• WHAT IS BEING ASKED: Without including any pictures, reproduce all the lines below word for word.

• DATASET EXTRACT:
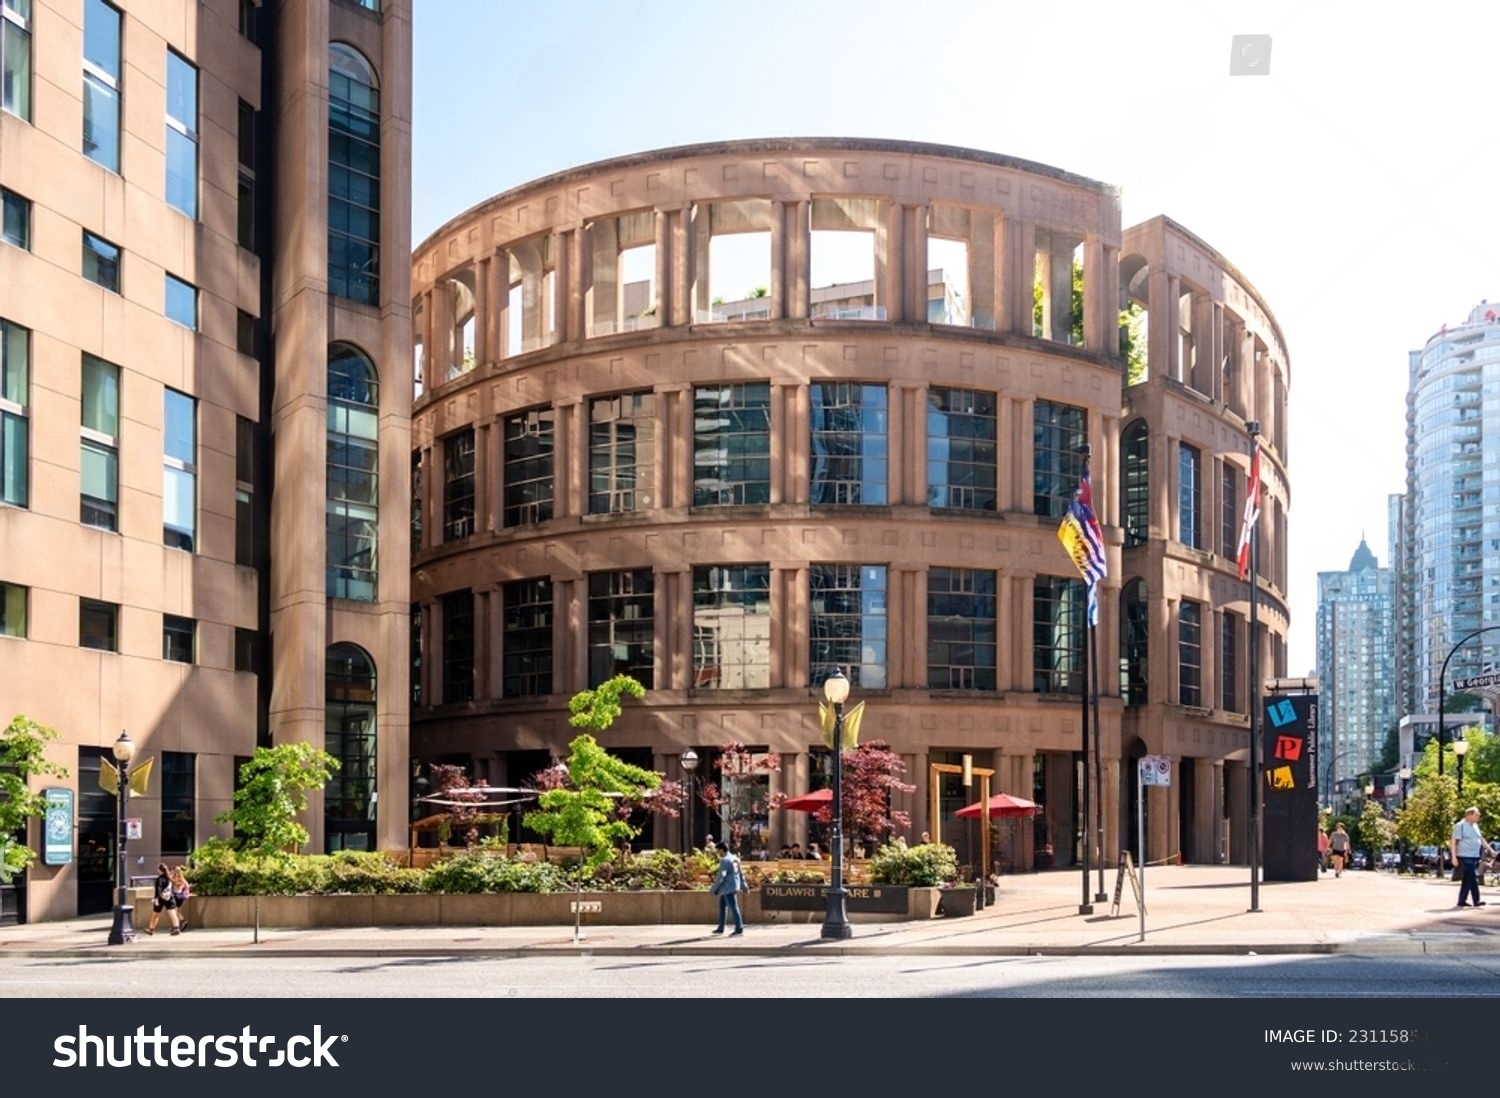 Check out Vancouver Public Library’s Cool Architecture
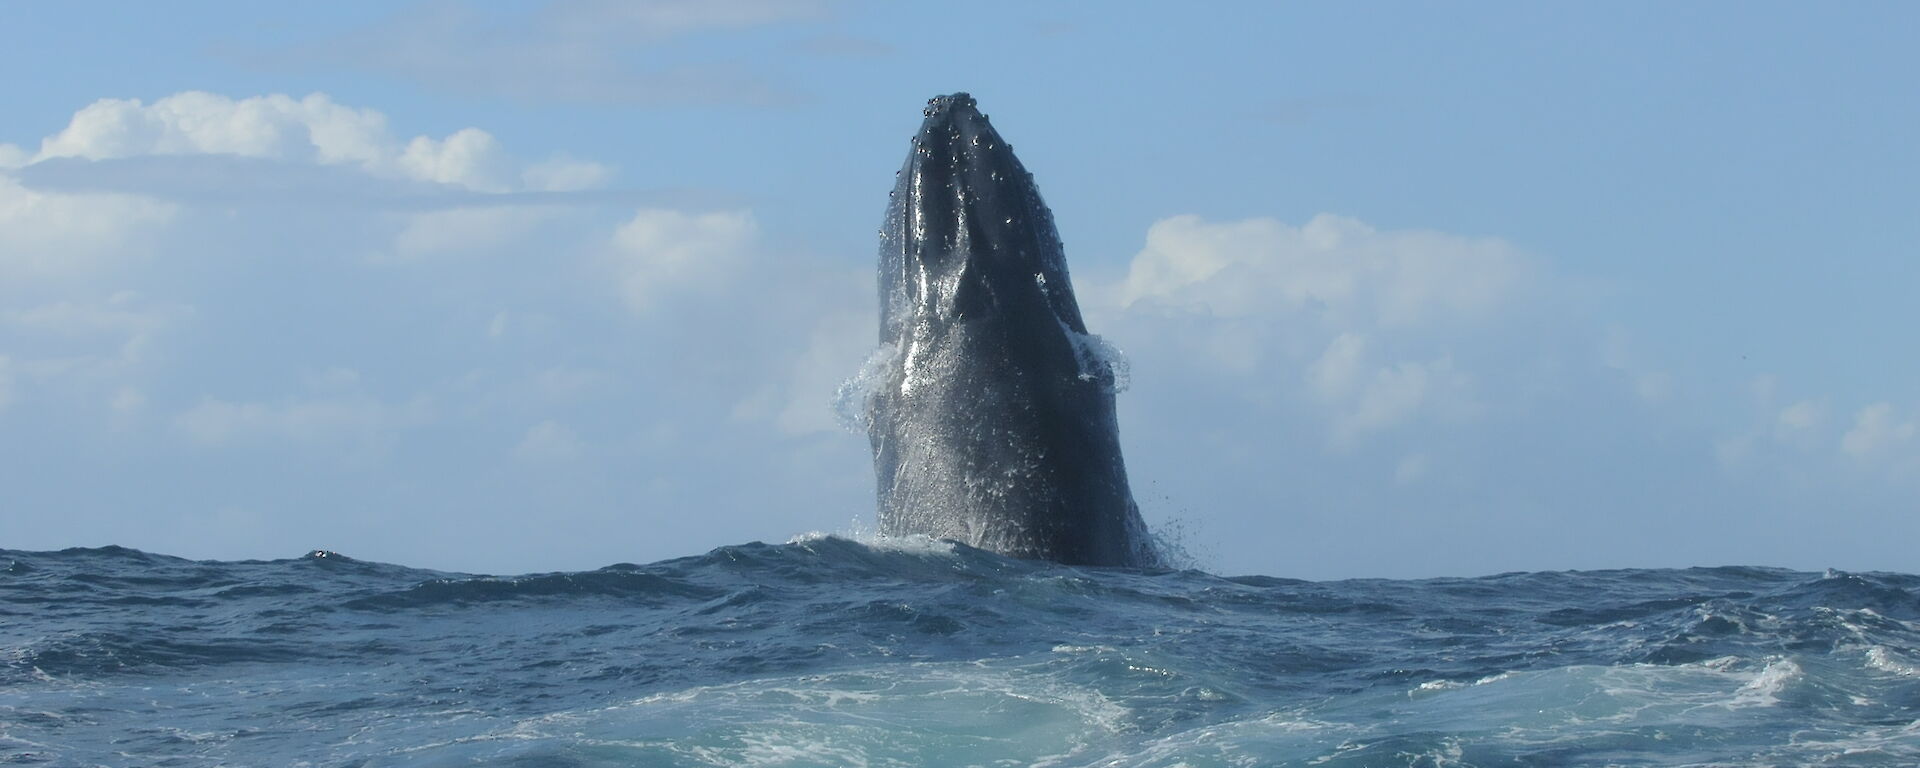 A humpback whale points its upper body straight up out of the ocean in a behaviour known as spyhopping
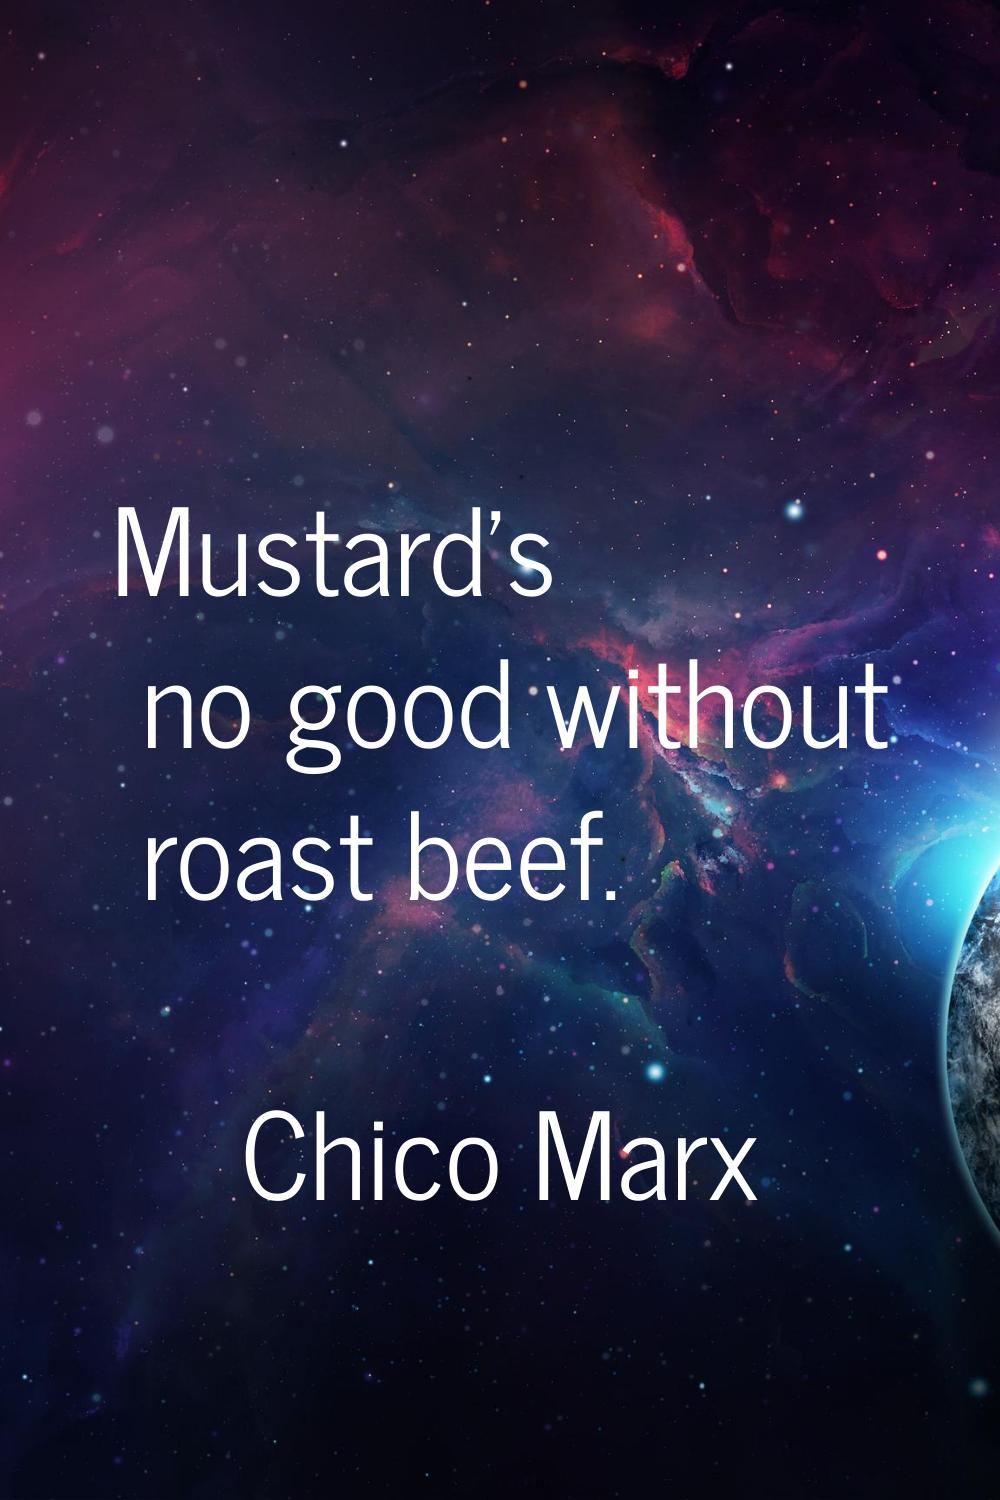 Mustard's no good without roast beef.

• REPLY TO THE EXERCISE:
 Check out Vancouver Public Library’s Cool Architecture
 A humpback whale points its upper body straight up out of the ocean in a behaviour known as spyhopping
 Mustard's no good without roast beef.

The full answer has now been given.